Overview of Record Operations

Record operations nodes are used to make changes to data at the record level. These operations are important during the Data Understanding and Data Preparation phases of data mining because they allow you to tailor the data to your particular business need.

For example, based on the results of the data audit conducted using the Data Audit node (Output palette), you might decide that you would like customer purchase records for the past three months to be merged. Using a Merge node, you can merge records based on the values of a key field, such as Customer ID. Or you might discover that a database containing information about Web site hits is unmanageable with over one million records. Using a Sample node, you can select a subset of data for use in modeling.

The Record Operations palette contains the following nodes:

The Select node selects or discards a subset of records from the data stream based on a specific condition. For example, you might select the records that pertain to a particular sales region.
The Sample node selects a subset of records. A variety of sample types are supported, including stratified, clustered, and nonrandom (structured) samples. Sampling can be useful to improve performance, and to select groups of related records or transactions for analysis.
The Balance node corrects imbalances in a dataset, so it conforms to a specified condition. The balancing directive adjusts the proportion of records where a condition is true by the factor specified.
The Aggregate node replaces a sequence of input records with summarized, aggregated output records.
The Recency, Frequency, Monetary (RFM) Aggregate node enables you to take customers' historical transactional data, strip away any unused data, and combine all of their remaining transaction data into a single row that lists when they last dealt with you, how many transactions they have made, and the total monetary value of those transactions.
The Sort node sorts records into ascending or descending order based on the values of one or more fields.
The Merge node takes multiple input records and creates a single output record containing some or all of the input fields.

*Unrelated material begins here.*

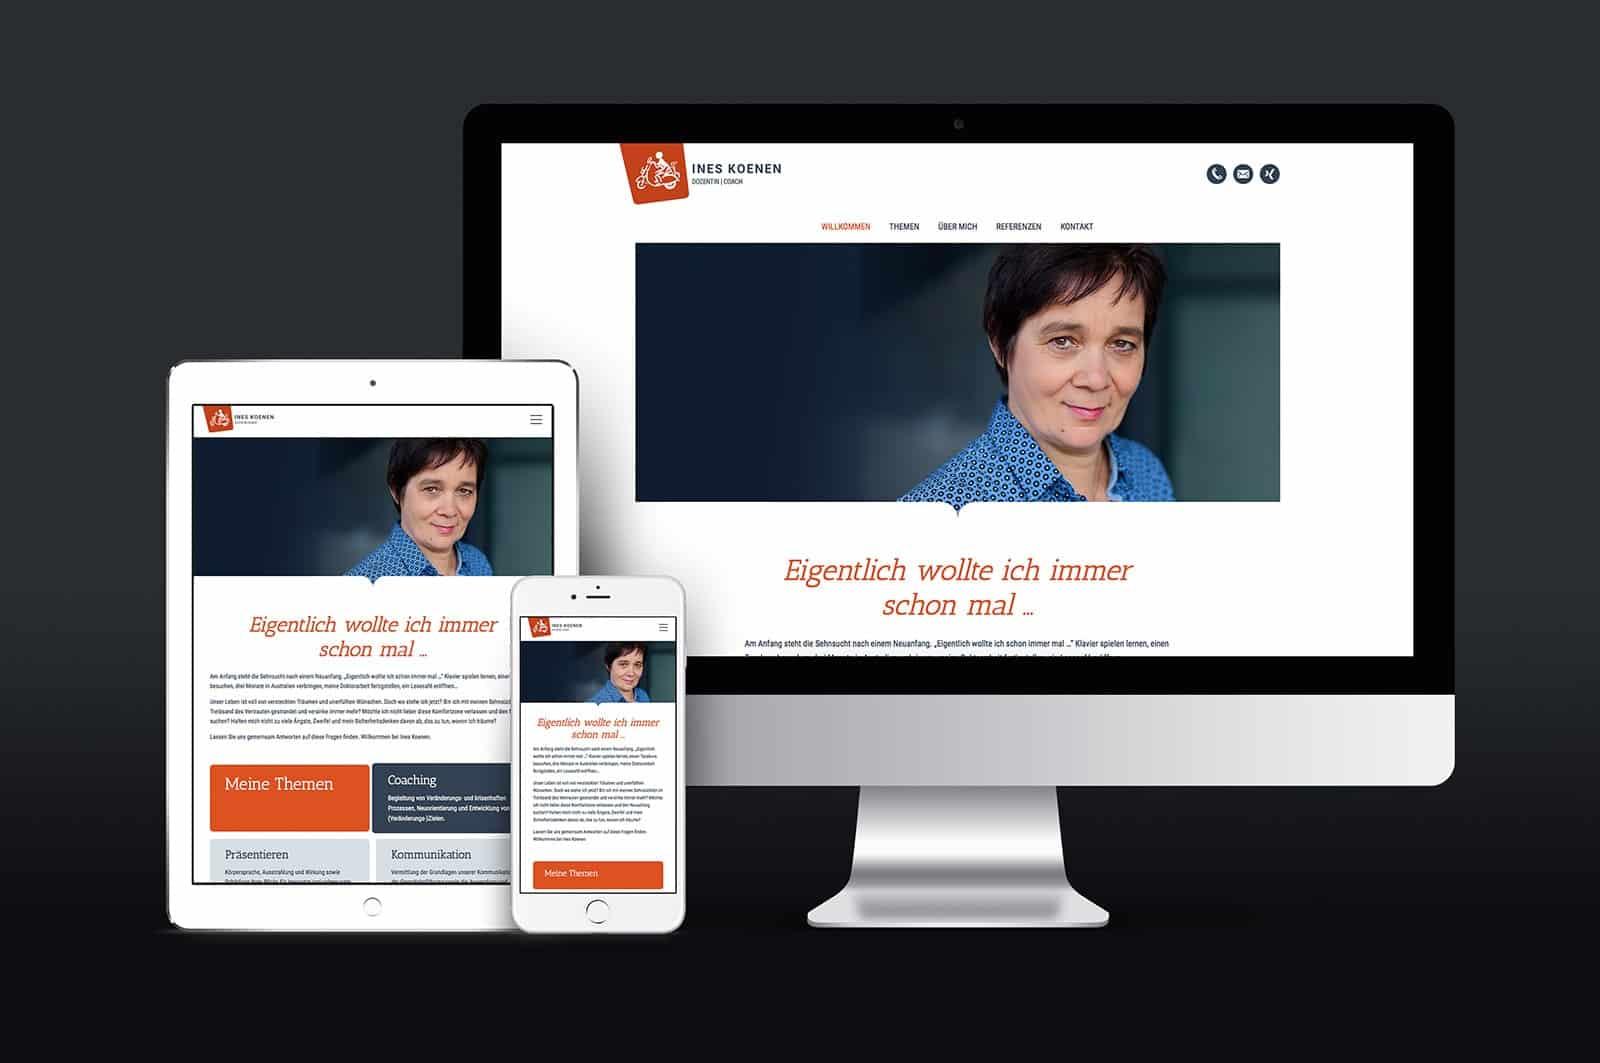 webdesign_koenen_mockup-1

It is useful for merging data from different sources, such as internal customer data and purchased demographic data.
The Append node concatenates sets of records. It is useful for combining datasets with similar structures but different data.
The Distinct node removes duplicate records, either by passing the first distinct record to the data stream or by discarding the first record and passing any duplicates to the data stream instead.
The Streaming Time Series node builds and scores time series models in one step. You can use the node with data in either a local or distributed environment; in a distributed environment you can harness the power of IBM® SPSS® Analytic Server
The Spectral Clustering© algorithm uses several eigenvectors to project data into a space with fewer dimensions. Then a k-means clustering algorithm is applied in the new space to separate the data into clusters. It's reasonably fast for small records with many fields, and computationally expensive for large data sets. The Spectral Clustering node in SPSS Modeler exposes the core features and commonly used parameters of the Spectral Clustering library. The node is implemented in Python.
Space-Time-Boxes (STB) are an extension of Geohashed spatial locations. More specifically, an STB is an alphanumeric string that represents a regularly shaped region of space and time.
The Streaming TCM node builds and scores temporal causal models in one step.
The CPLEX Optimization node provides the ability to use complex mathematical (CPLEX) based optimization via an Optimization Programming Language (OPL) model file. This functionality was available in the IBM Analytical Decision Management product, which is no longer supported. But you can also use the CPLEX node in SPSS Modeler without requiring IBM Analytical Decision Management.

Many of the nodes in the Record Operations palette require you to use a CLEM expression. If you are familiar with CLEM, you can type an expression in the field. However, all expression fields provide a button that opens the CLEM Expression Builder, which helps you create such expressions automatically.

Figure 1. Expression Builder button
Expression Builder button